The main objectives of the project, according to Tetlow, were to improve the quality of teaching and learning in the classroom, develop a resource-based learning and to encourage the production of low cost learning materials as well as to sensitise and empower local communities to participate in the affairs of their school. In summary: to maximise benefit under the circumstances .

Mr. Tetlow told Education Vision that teachers are facing new challenges that they must be helped to handle if fruits are to be reaped from UPE.

"Formerly, teachers were handling 50 students in one class. Now they have 150. It is hard for them to know each by name or to ensure all the students learn effectively. If they teach more than one class, they will probably have up to 1,000 books to mark. Teachers need to be helped to develop new techniques and technologies in class management."

The project runs seminars and workshops for teachers, head teachers and even parents, to inform them on their respective roles in the improvement of the performance in the UPE schools.

One of the techniques of class management that teachers have been initiated into is one of breaking up the class into study groups so that pupils take a leading role in the learning process while the teacher plays a facilitating role. This is thought to be more effective than lumping all the students to one class where the teacher cannot monitor all of them.

"Its like having 15 manageable little classes within one class. Its more effective," the soft speaking Tetlow says.

Under the new approach by EUPEK, the children are to be taught to become more independent and adapt to taking the leading role in the learning process with the teacher as a helper.

This in turn means that teachers have to change their perception of what their duty in the teaching-learning process is. They have to stop looking at themselves as the givers of everything.

Similarly, teachers and pupils are encouraged to use low cost, available and appropriate materials to make teaching aids to face off the shortages and inadequacies.

"I have seen children make wonderful learning aids from used air-time cards, bottle corks and straws. They are wonderful," Tetlow notes.

The project does not only target changing the teachers and student to adapt to the new situation.

It also realises that changing the two without affecting the parents, learning environment and school leadership may not amount much.

Accordingly head teachers are also involved and their challenge is to show that they not only take interest in the learning exercise, but are also involved in motivating and giving teachers confidence to be creative.

Tetlow said: "Parents should be involved in the school. A school must be owned, it must beloved and it must be taken care of. You can tell a school that belongs to nobody, that is not loved, that is not cared for. Such a school does not provide a good learning environment.

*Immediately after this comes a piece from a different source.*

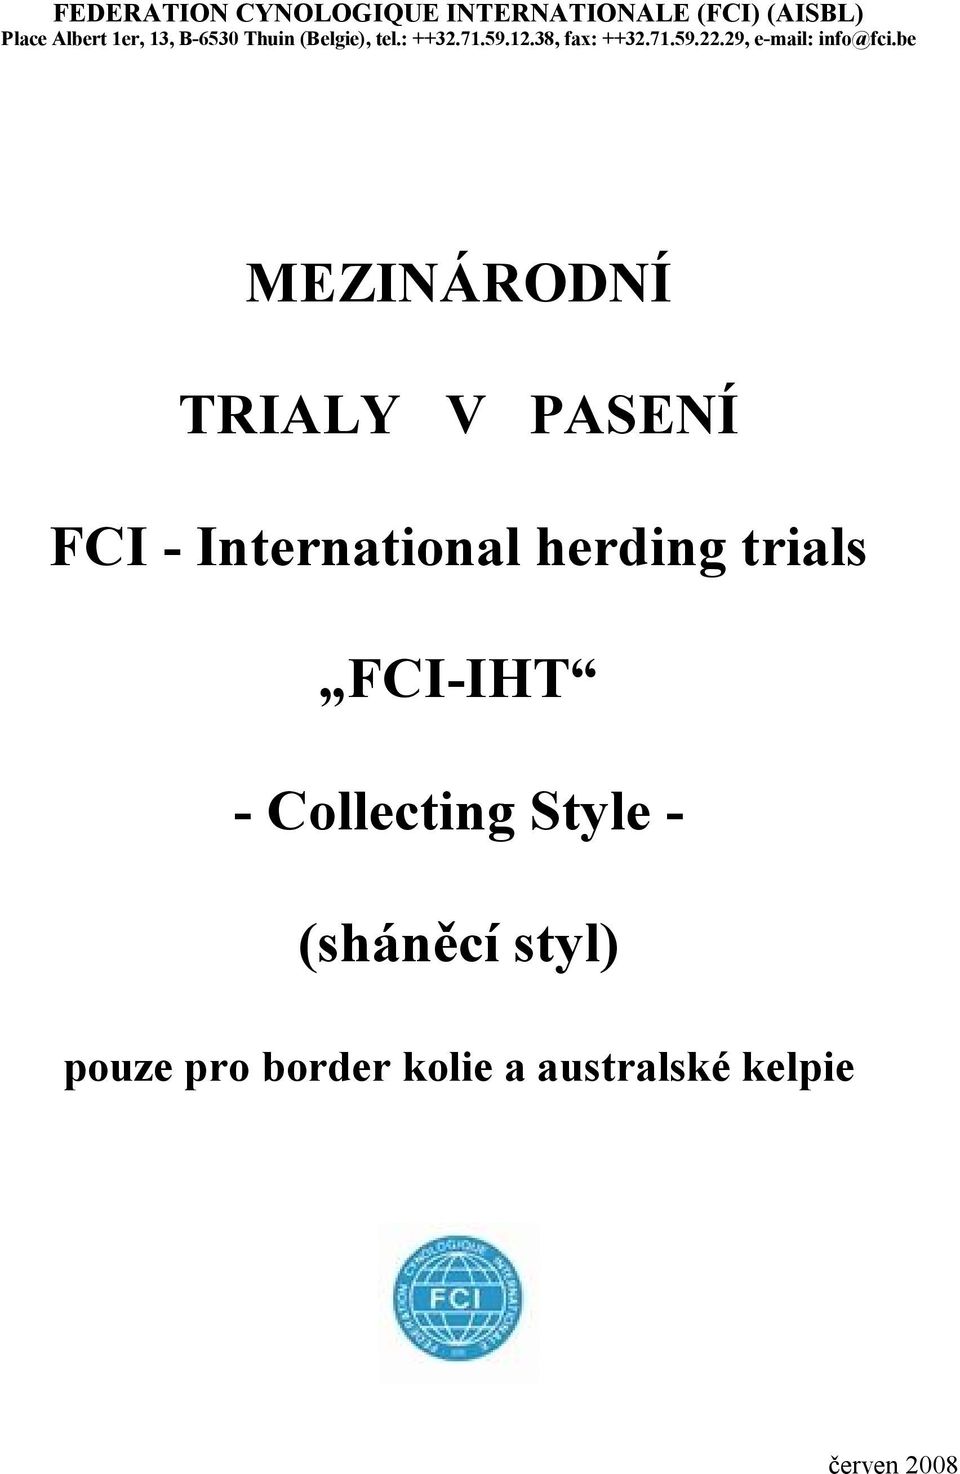 be MEZINÁRODNÍ TRIALY V PASENÍ FCI - International herding trials FCI-IHT -
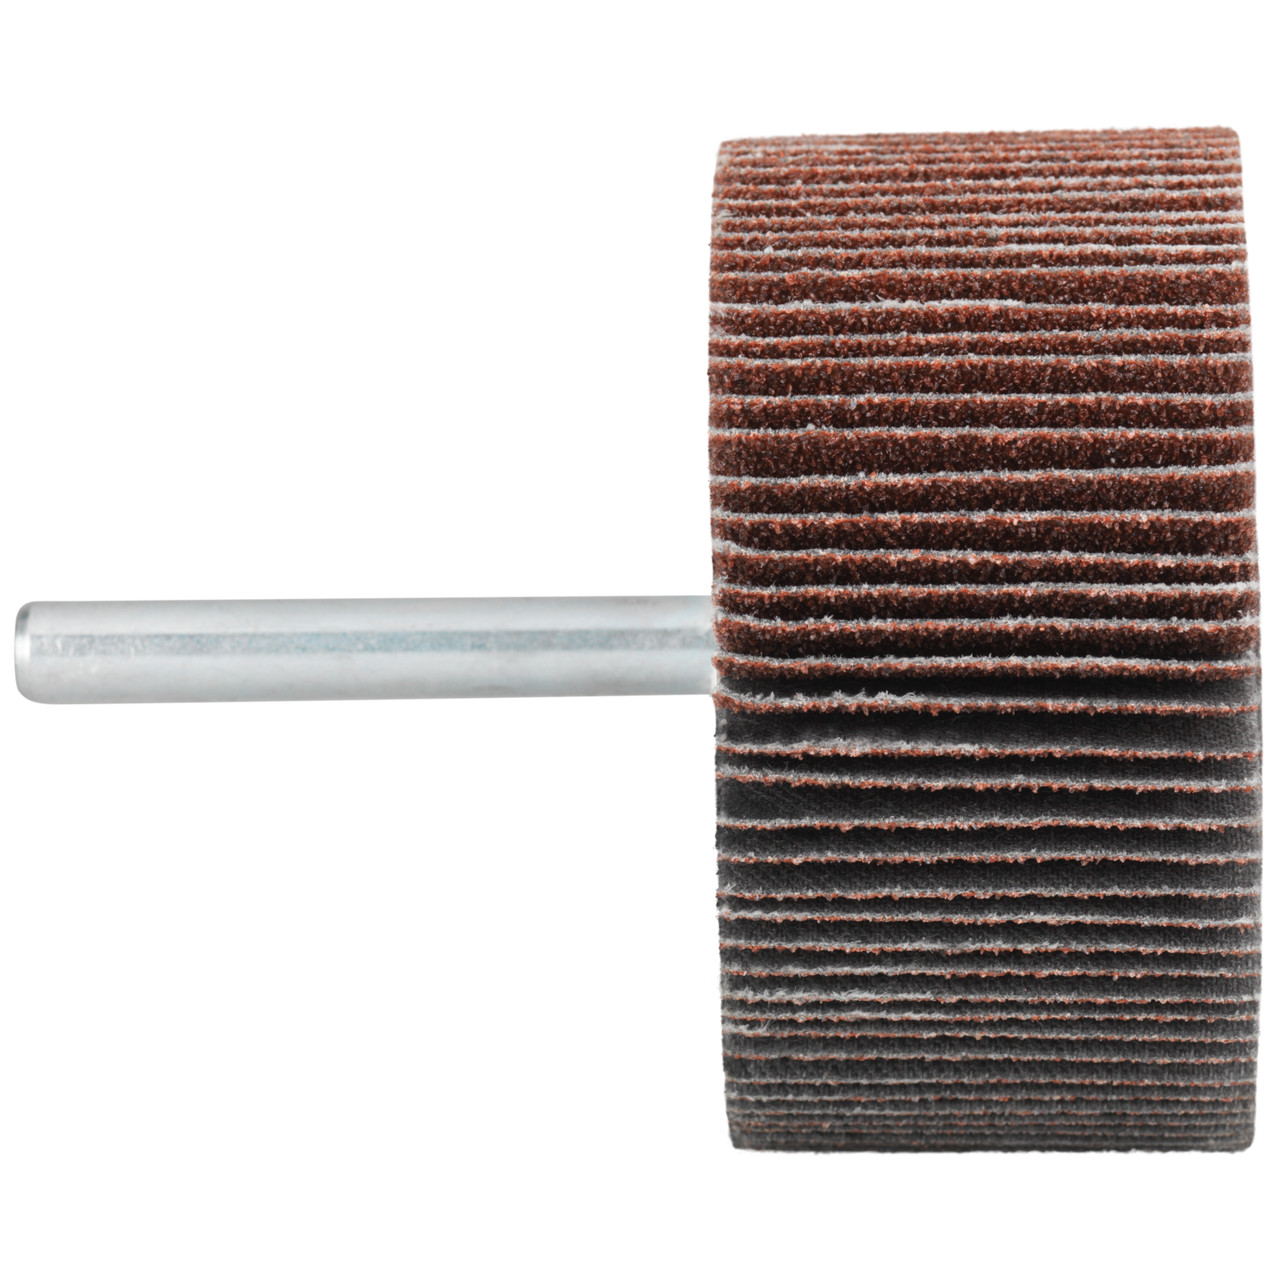 Tyrolit A-P01 C X Pennen DxD 30x10 Voor staal, roestvast staal en non-ferrometalen, P120, vorm: 52LA, Art. 816872

"We are concerned with the whole learning environment, extending from the classroom, throughout the whole school and even to the home, requiring parents to take an active part in the learning of their children."

EUPEK currently covers 47 public schools in all the five divisions of the city. It works with stakeholding institutions and programmes like Institute of teacher Education, TDMS, KCC Education office, in line with the ministry of Education and Sports' Investment Strategic Plan and the Government White Paper.

There is hope that by the time the programme comes to end in three year's time, all the government aided schools in the city council will have benefited.

With funding from the Aga Khan Foundation, European Union and the Department for International Development, the funders of the project, teacher resources centres have been opened up. In these centres, workshops, brainstorming and sharing of experiences and interaction among teachers take place.

EUPEK is a local version of several education improvement programmes that the Foundation runs in several countries including Kenya, Tanzania, India and Pakistan.

Through its problem focused, time-bound and target specific approach, EUPEK will make a difference in the resource-strained UPE to create quality. If only it could find its way to the rest of the districts in the country!